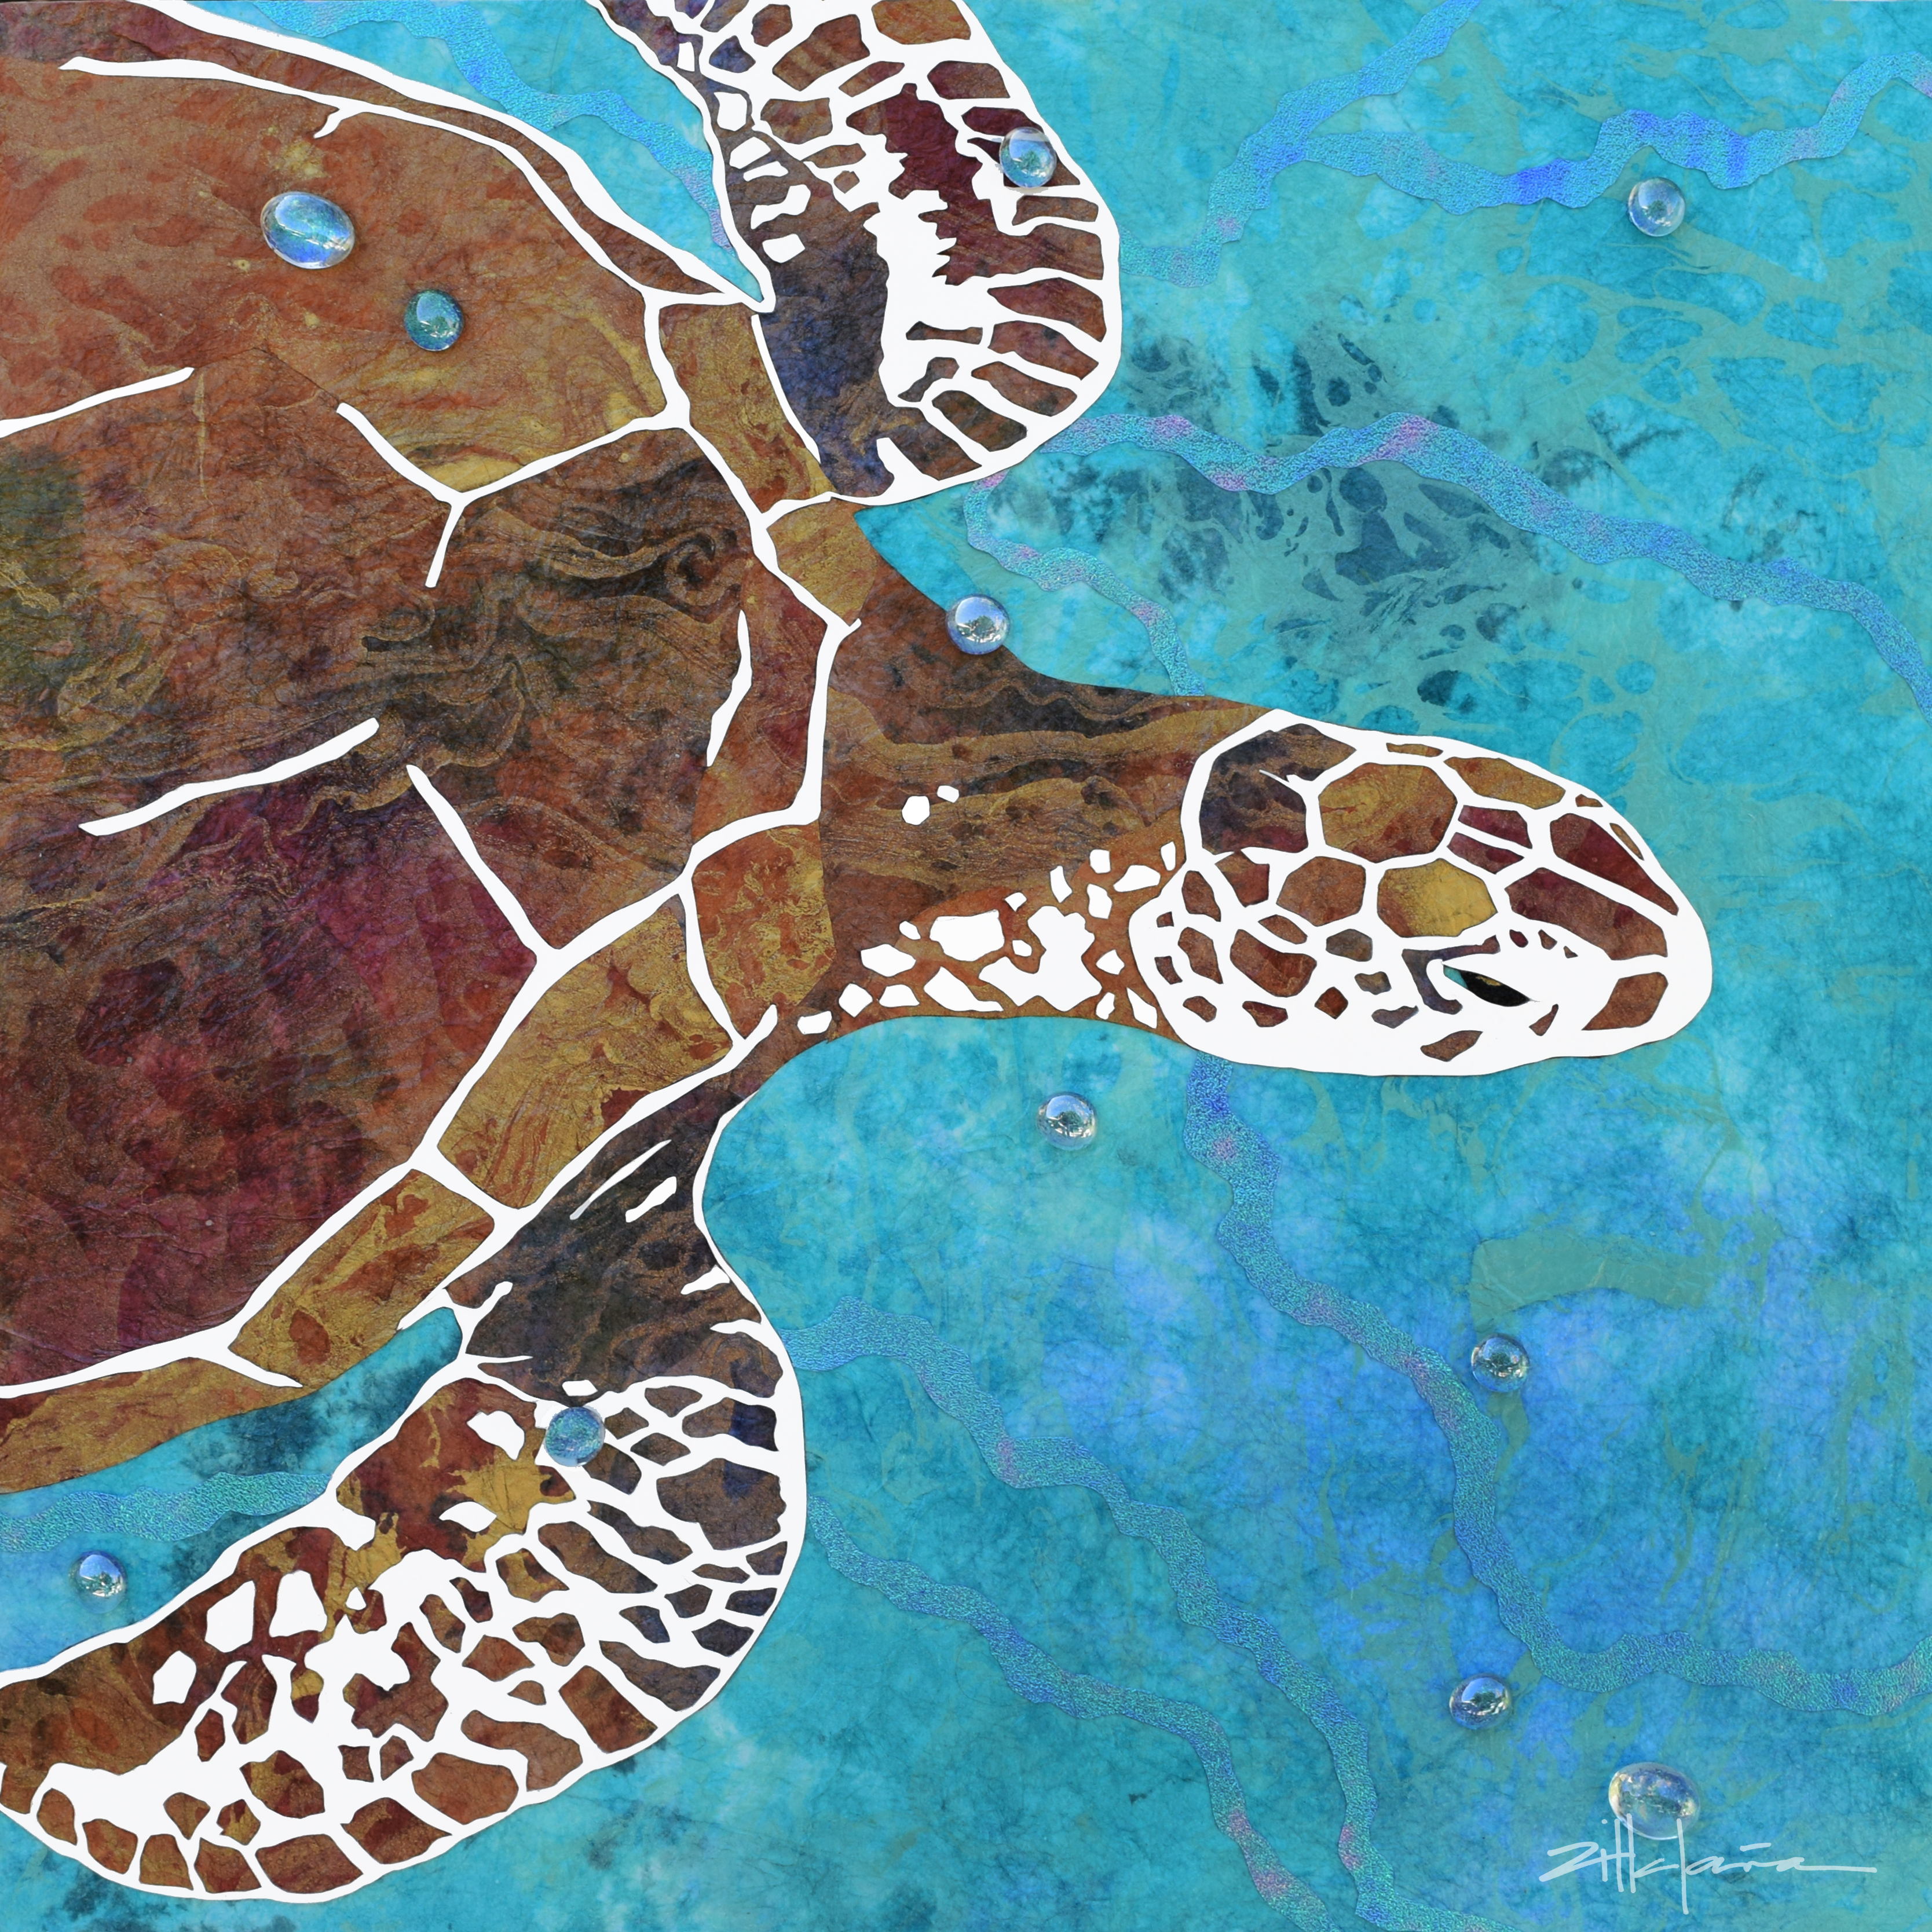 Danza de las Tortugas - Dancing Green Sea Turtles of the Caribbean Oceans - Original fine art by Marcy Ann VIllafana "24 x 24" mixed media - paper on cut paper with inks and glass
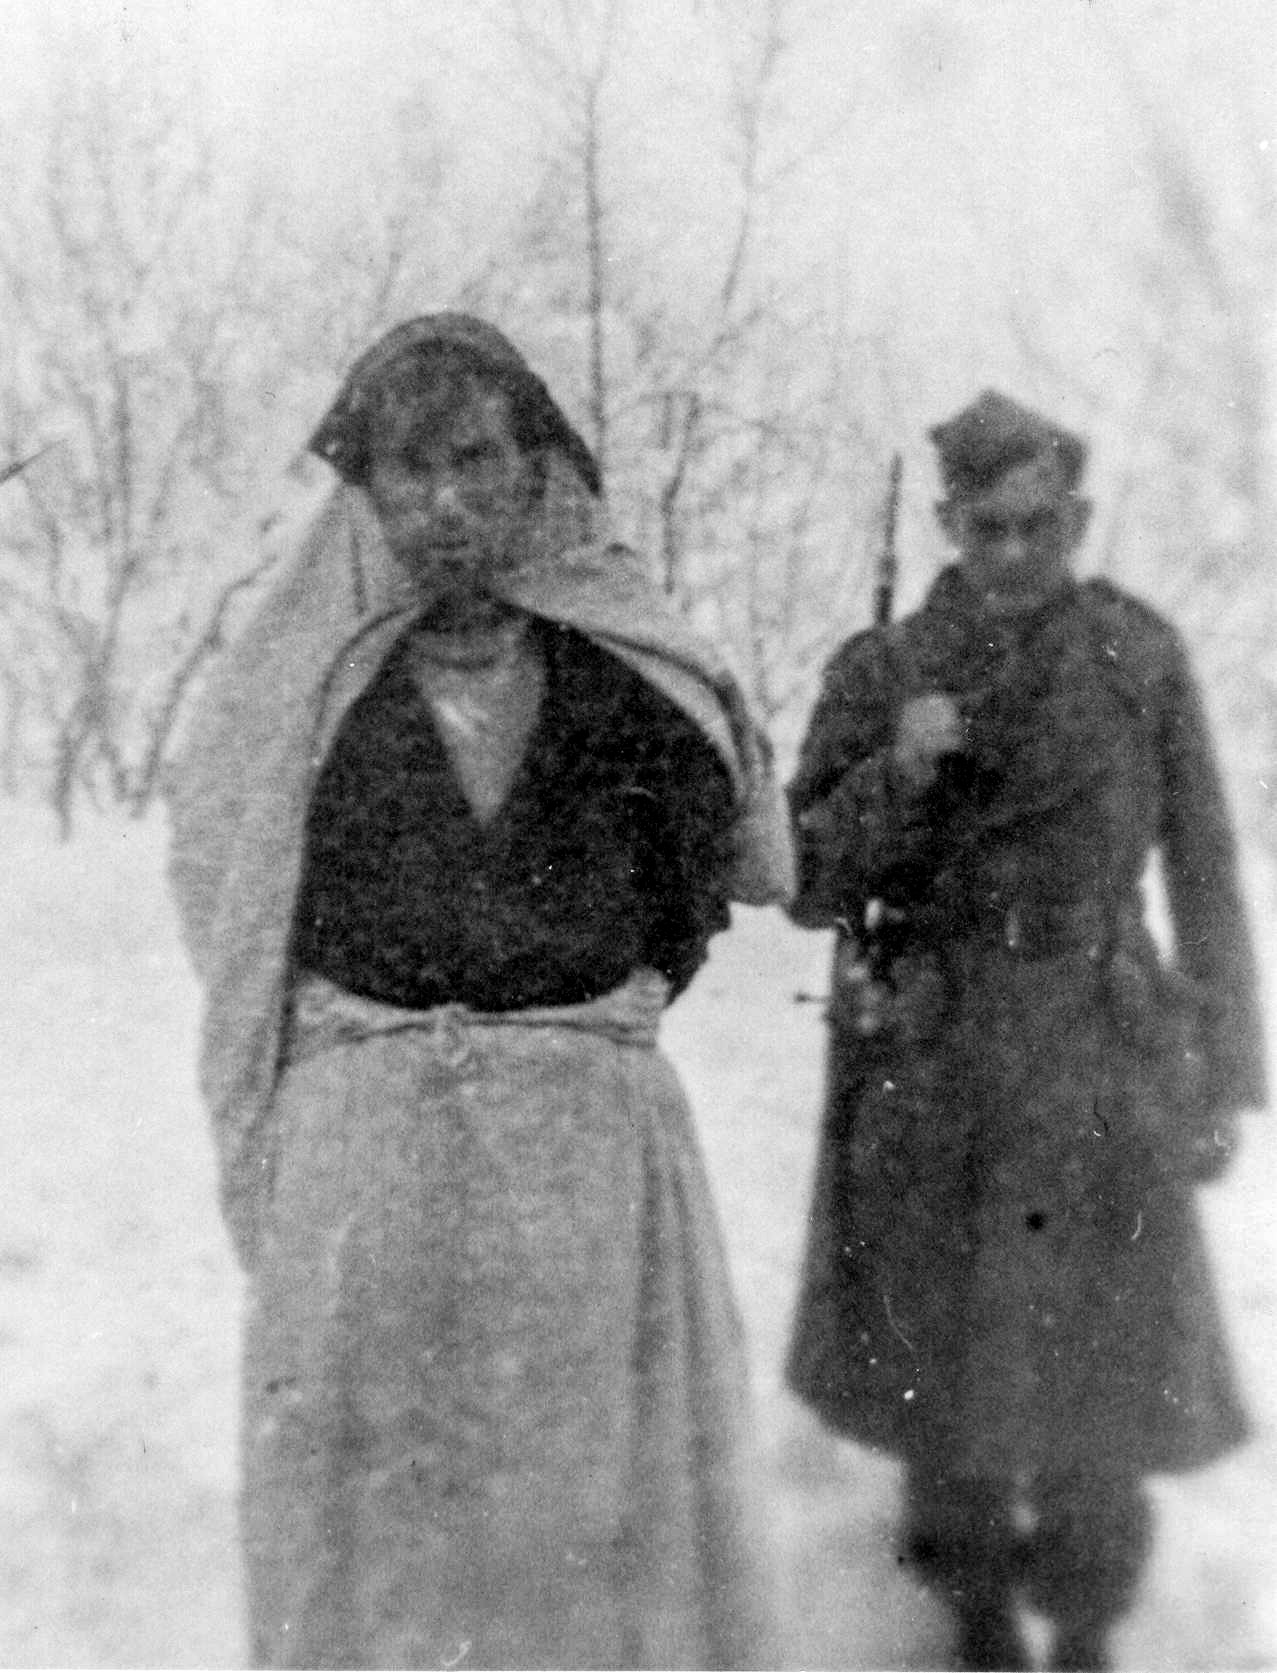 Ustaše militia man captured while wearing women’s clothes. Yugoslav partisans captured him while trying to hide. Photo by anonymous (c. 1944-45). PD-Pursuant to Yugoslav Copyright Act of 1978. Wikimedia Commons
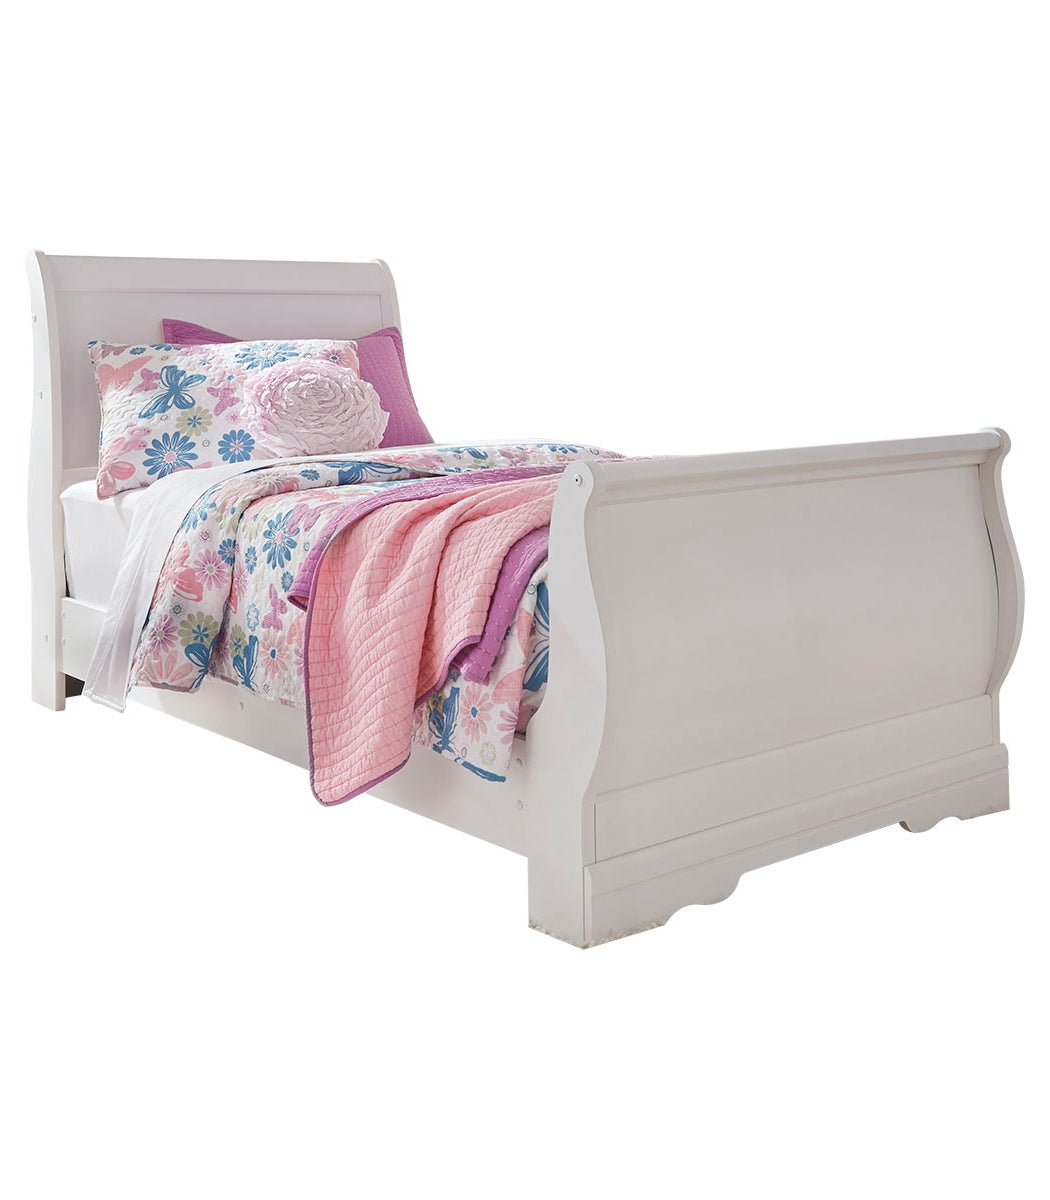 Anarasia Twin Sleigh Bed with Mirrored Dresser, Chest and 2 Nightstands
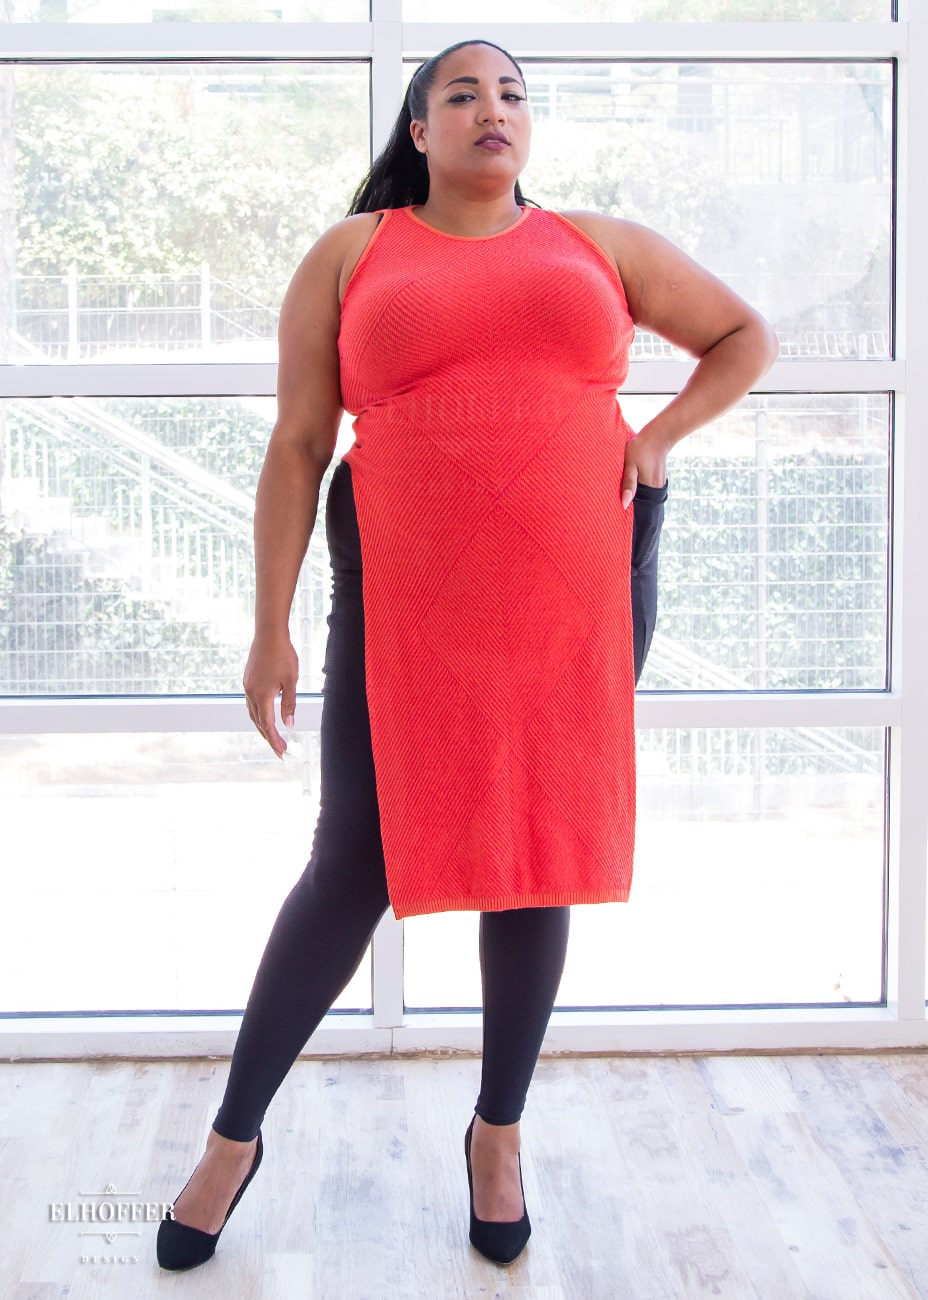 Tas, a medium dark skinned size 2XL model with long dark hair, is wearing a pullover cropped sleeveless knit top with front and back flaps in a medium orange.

++++++++

*Work request:*
Everything above should be given again exactly, apart from the pictures.

*Solution for this problem:*
 Danza de las Tortugas - Dancing Green Sea Turtles of the Caribbean Oceans - Original fine art by Marcy Ann VIllafana "24 x 24" mixed media - paper on cut paper with inks and glass
 Ustaše militia man captured while wearing women’s clothes. Yugoslav partisans captured him while trying to hide. Photo by anonymous (c. 1944-45). PD-Pursuant to Yugoslav Copyright Act of 1978. Wikimedia Commons
 Anarasia Twin Sleigh Bed with Mirrored Dresser, Chest and 2 Nightstands
 Tas, a medium dark skinned size 2XL model with long dark hair, is wearing a pullover cropped sleeveless knit top with front and back flaps in a medium orange.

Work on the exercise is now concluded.